- GIVEN DATA:
■ ■ ■

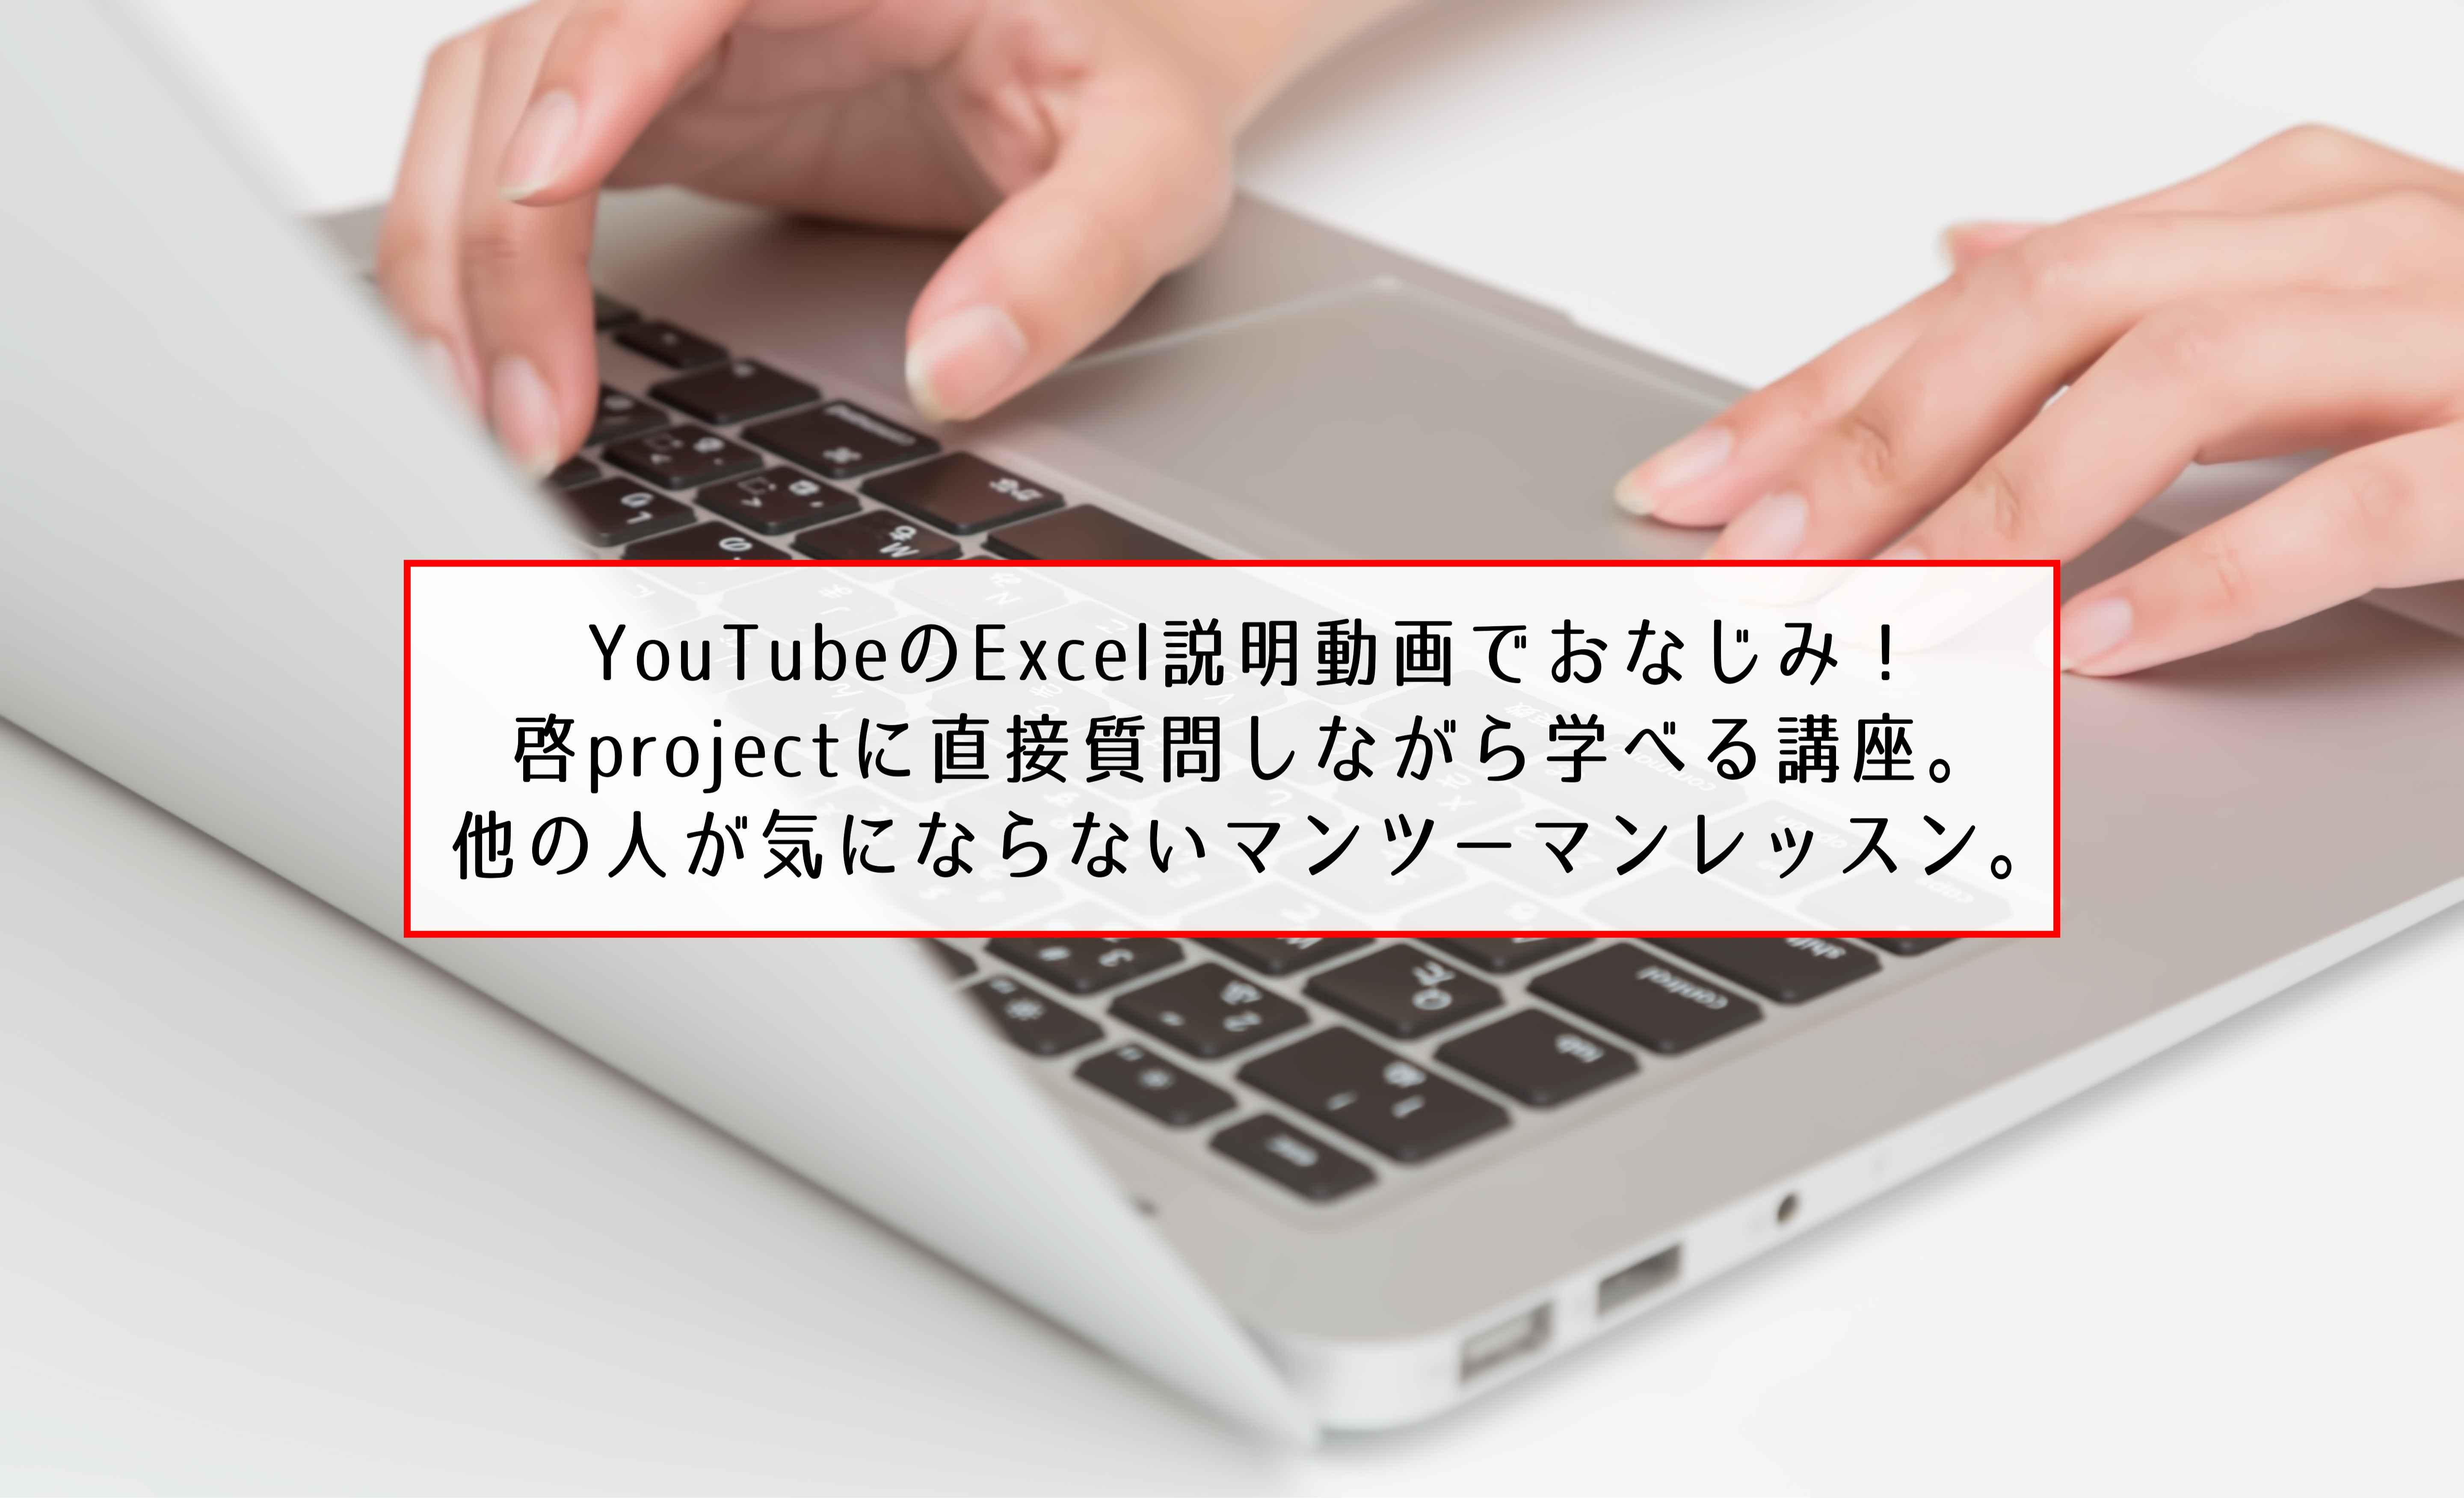 啓project
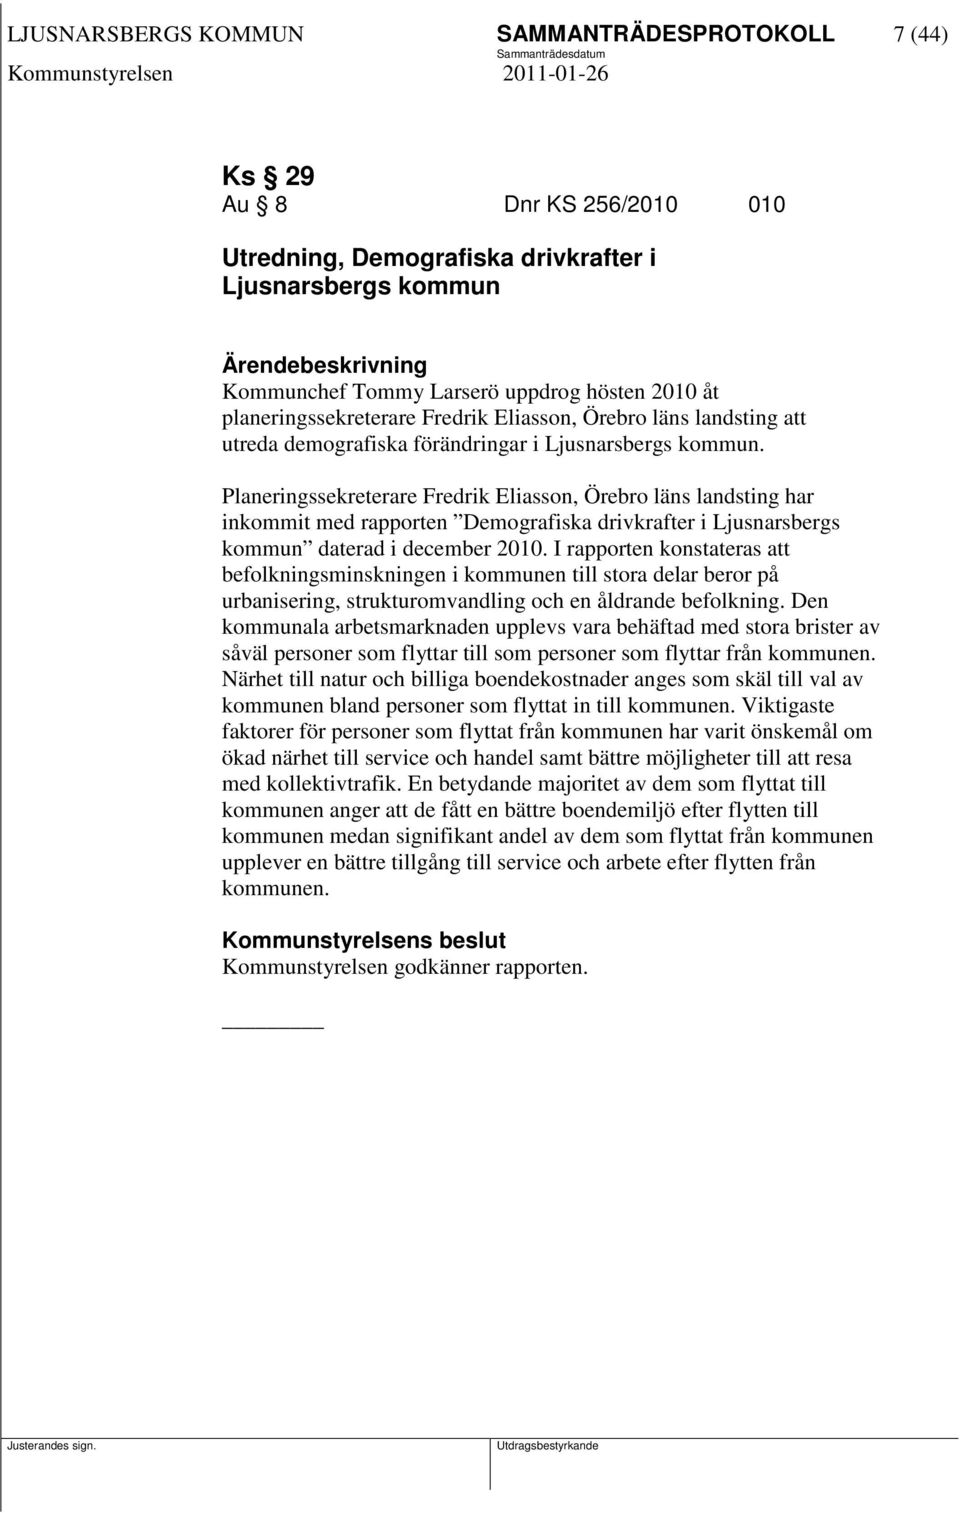 Planeringssekreterare Fredrik Eliasson, Örebro läns landsting har inkommit med rapporten Demografiska drivkrafter i Ljusnarsbergs kommun daterad i december 2010.
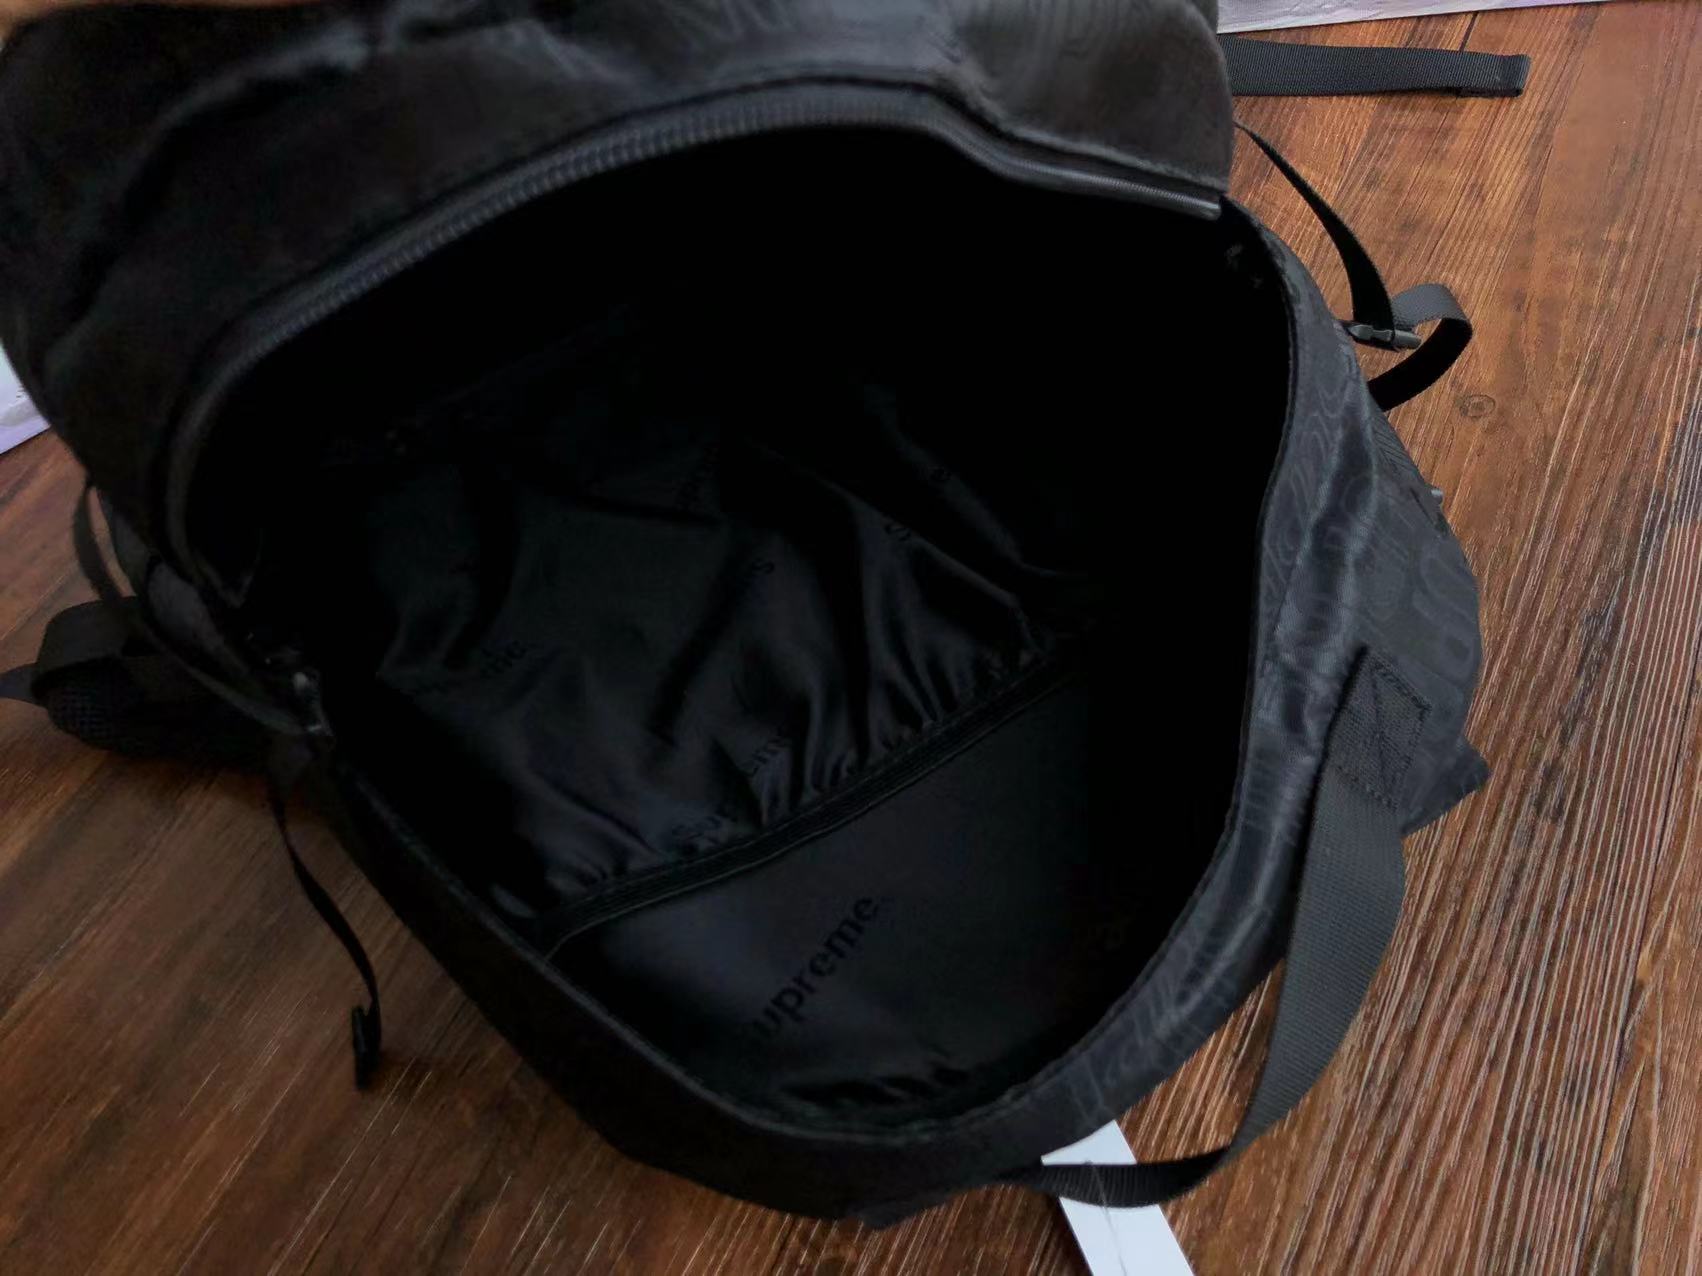 Supreme Backpack SS19 Black

■ ■ ■

- PROMPT:
Send back every line of the listing exactly. Omit the images.

- YOUR SOLUTION:
 啓project
 Planeringssekreterare Fredrik Eliasson, Örebro läns landsting har inkommit med rapporten Demografiska drivkrafter i Ljusnarsbergs kommun daterad i december 2010.
 Supreme Backpack SS19 Black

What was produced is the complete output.